--- START ---

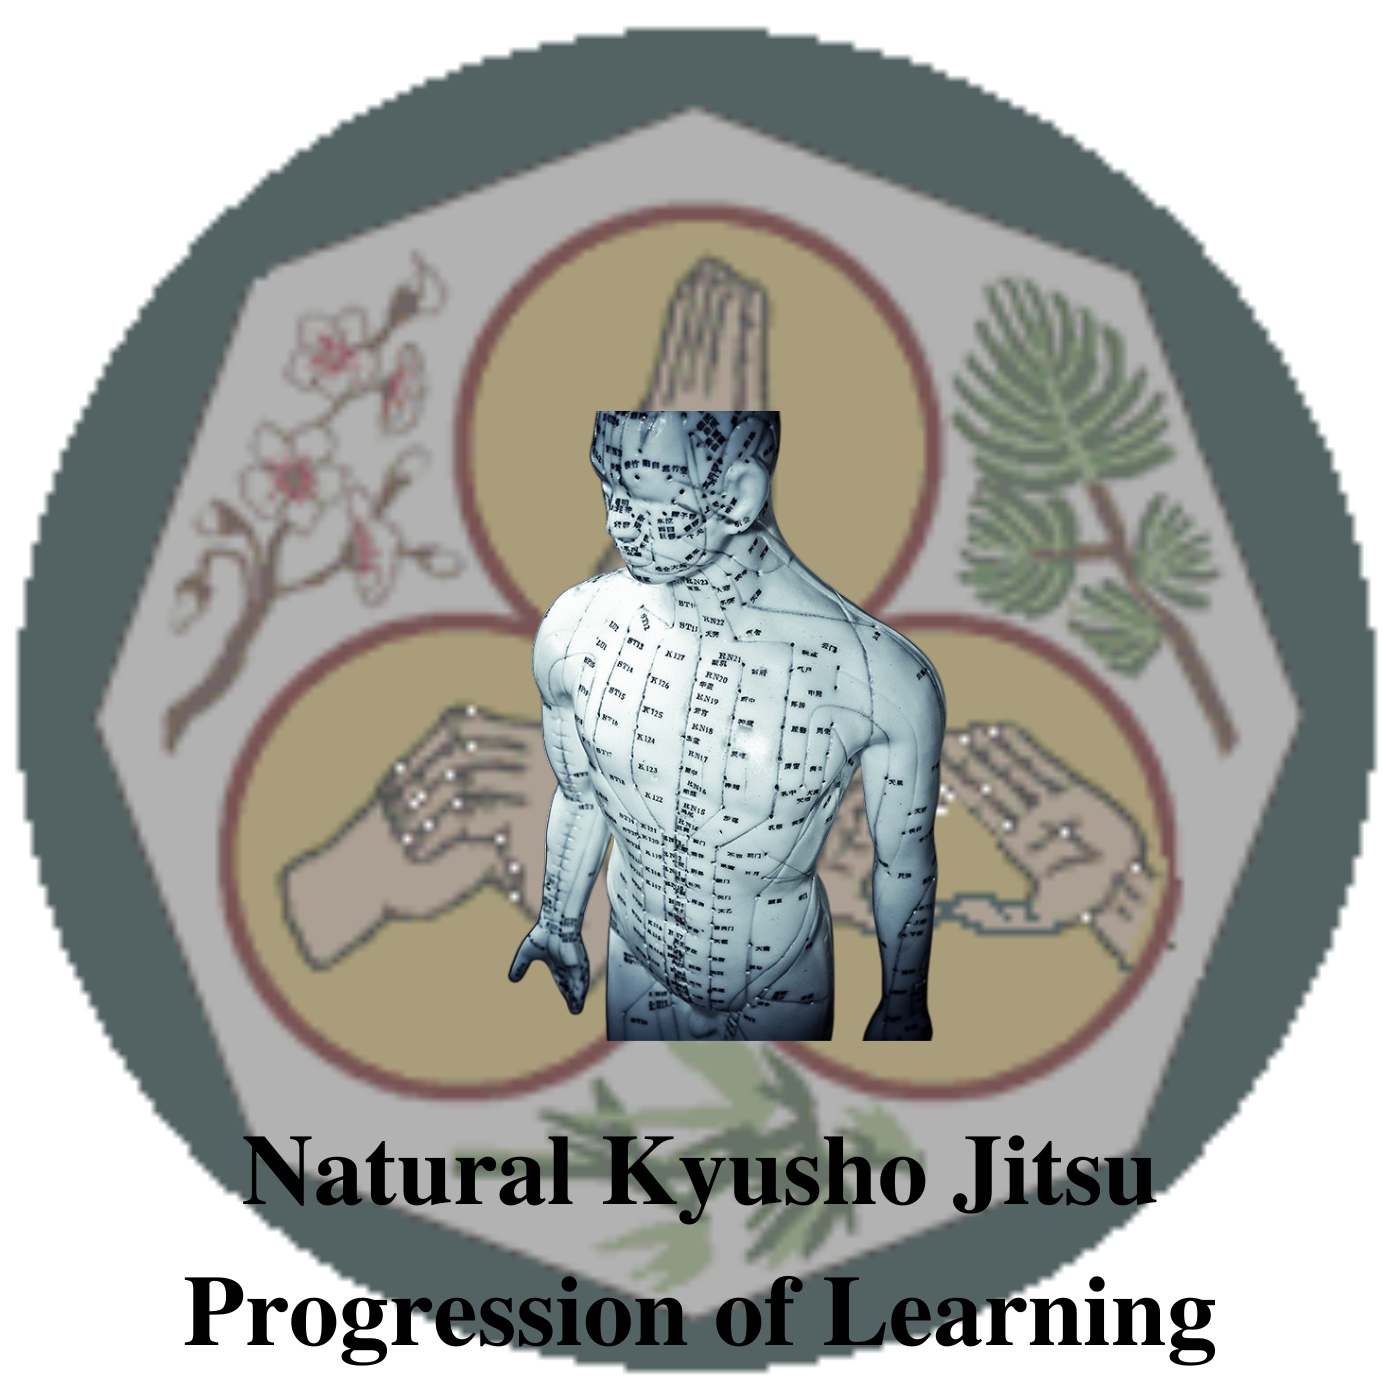 * Natural Kyusho Jitsu Progression of Learning
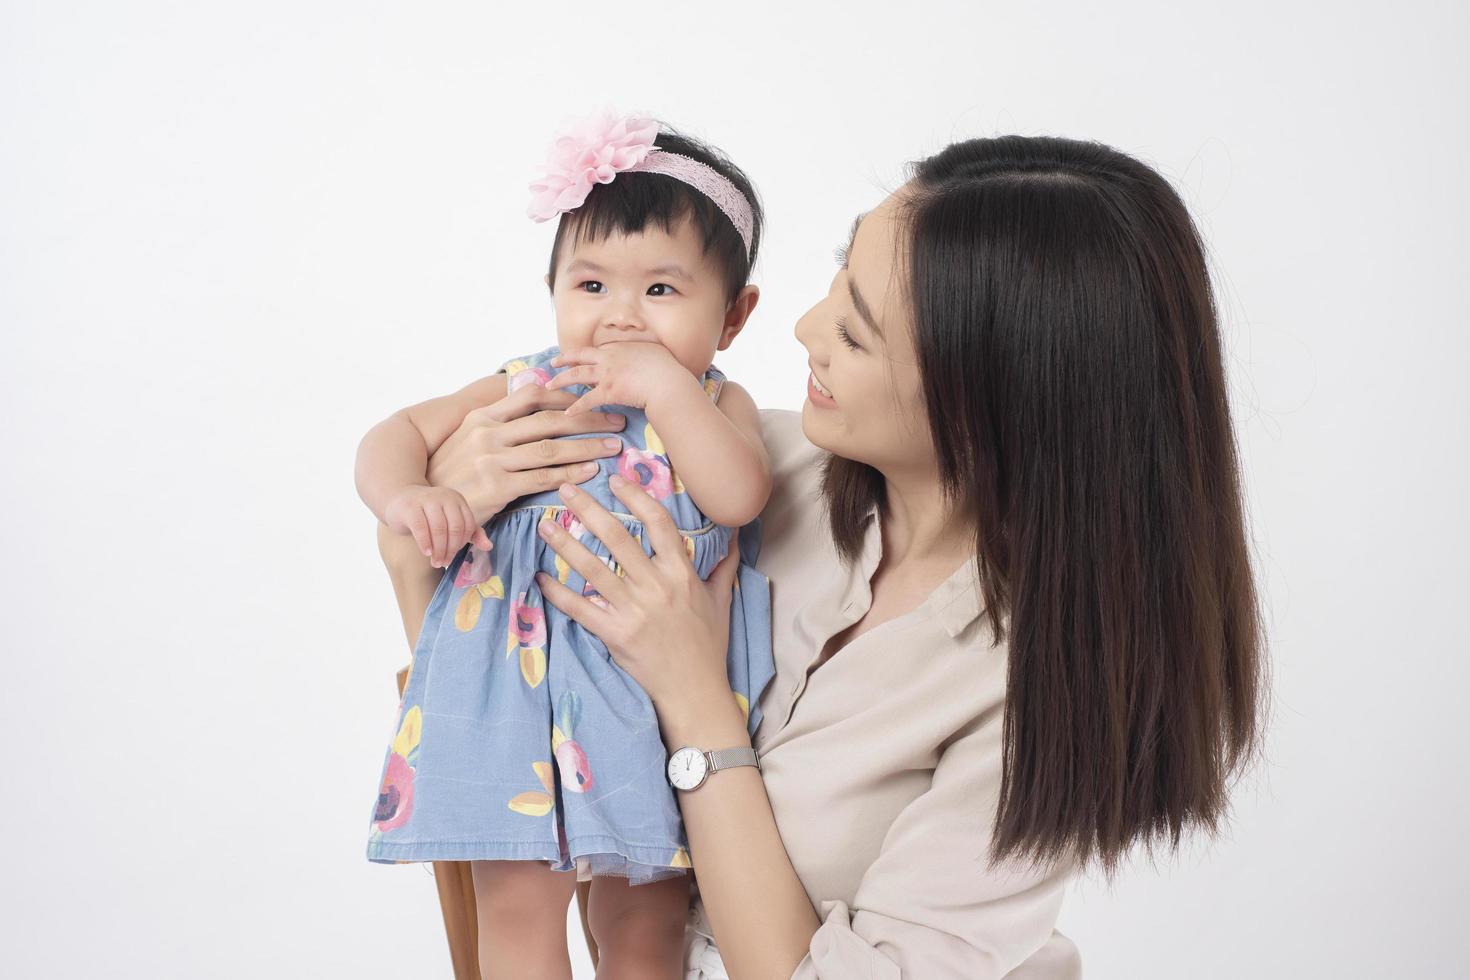 mère asiatique et adorable petite fille sont heureuses sur fond blanc photo
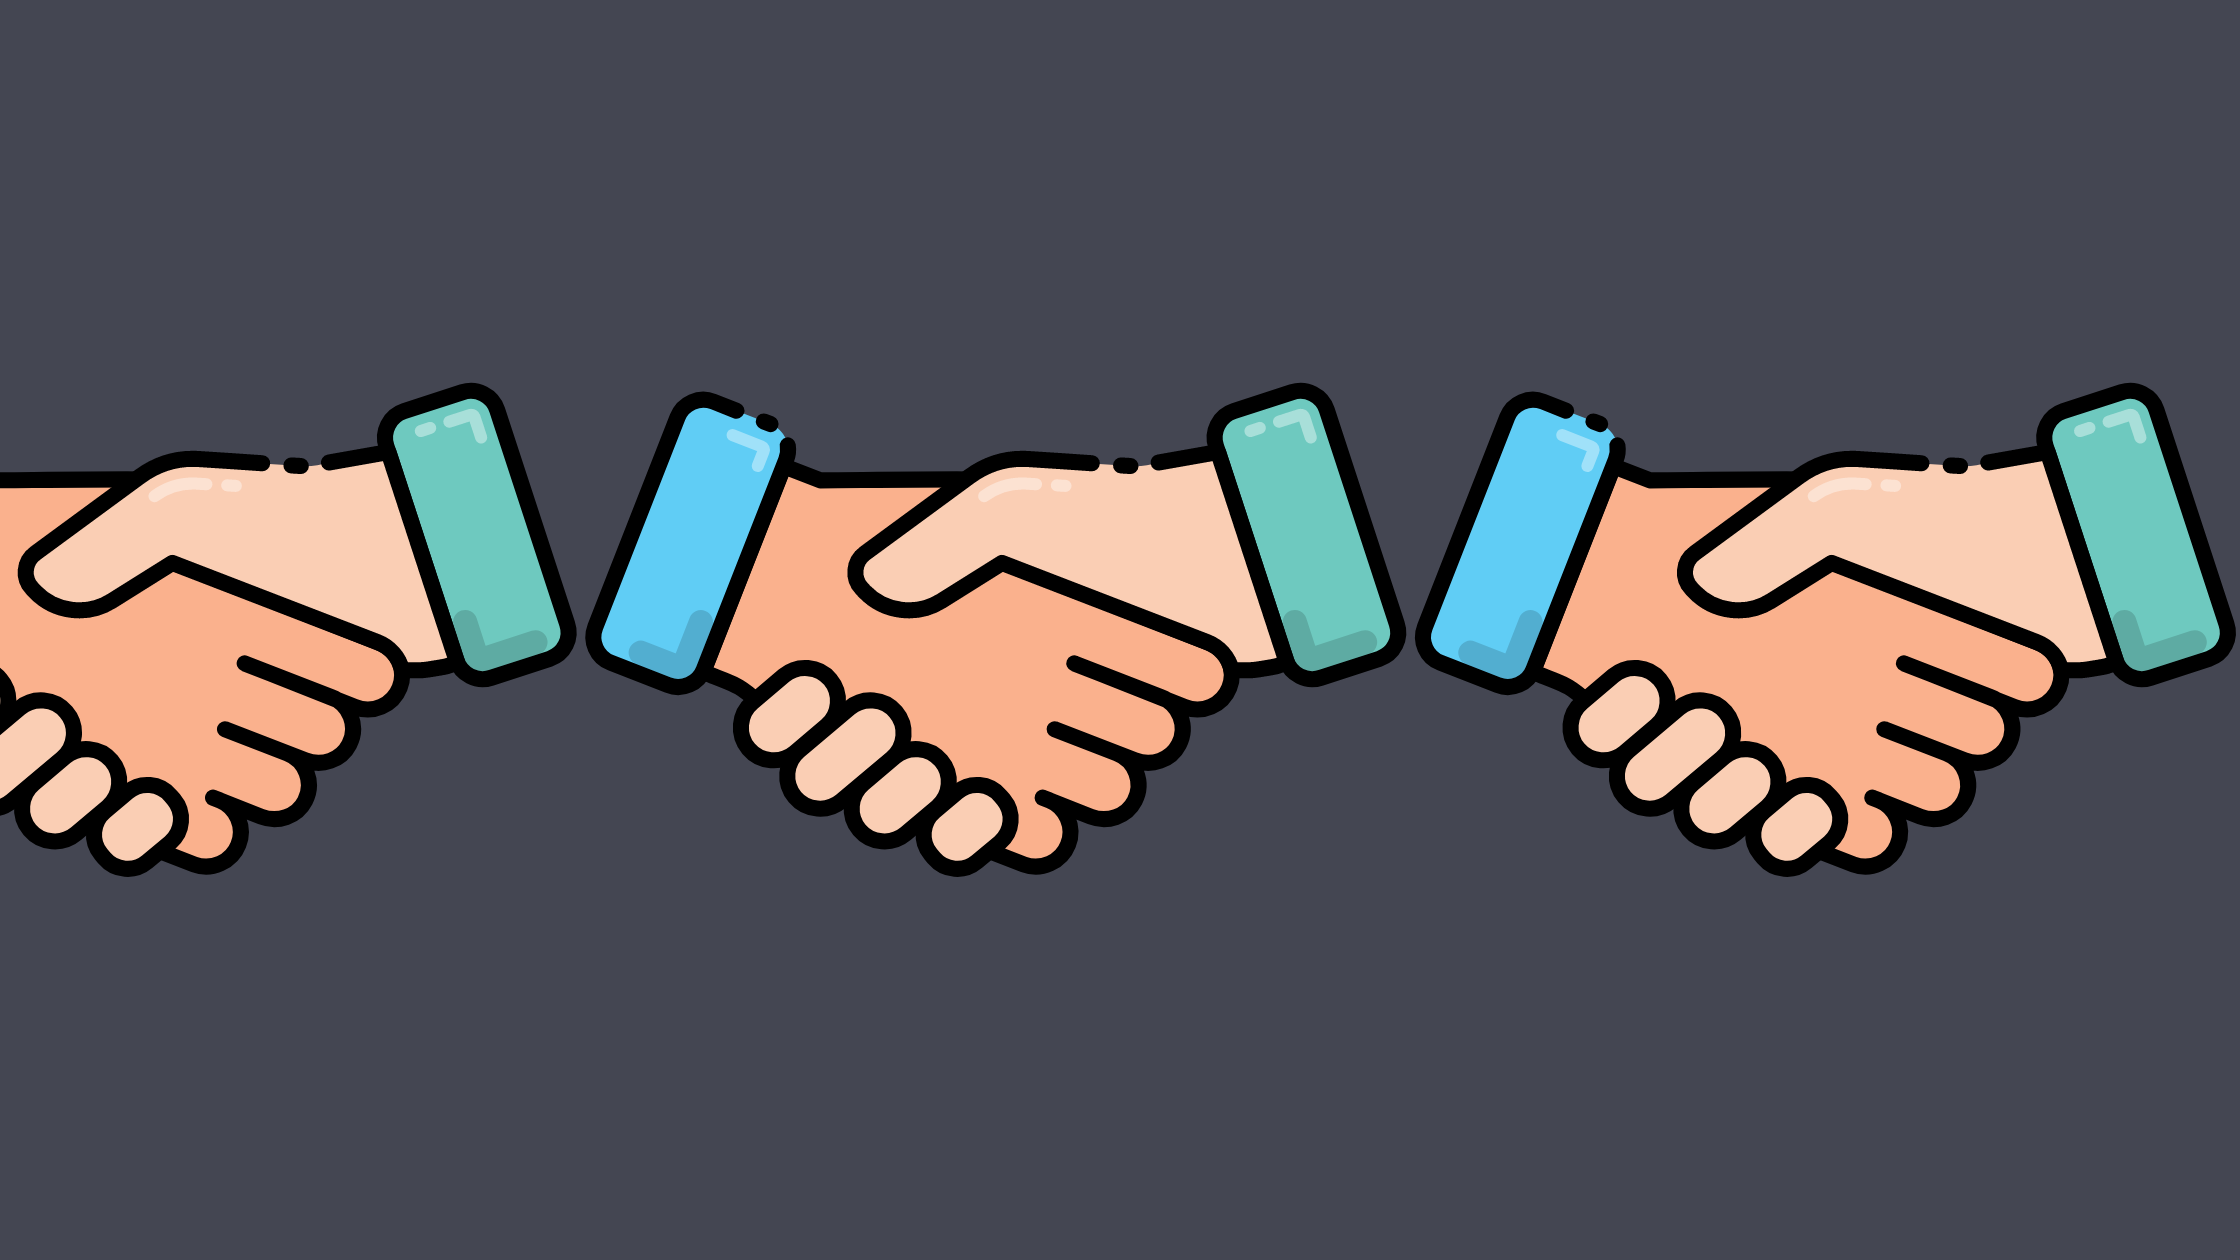 Handshake emojis

--- END ---

● **ACTION ITEM**: The answer is the listing above restated word for word, pictures removed.

● **SOLUTION TO THIS EXERCISE**:
 * Natural Kyusho Jitsu Progression of Learning
 mère asiatique et adorable petite fille sont heureuses sur fond blanc photo
 Handshake emojis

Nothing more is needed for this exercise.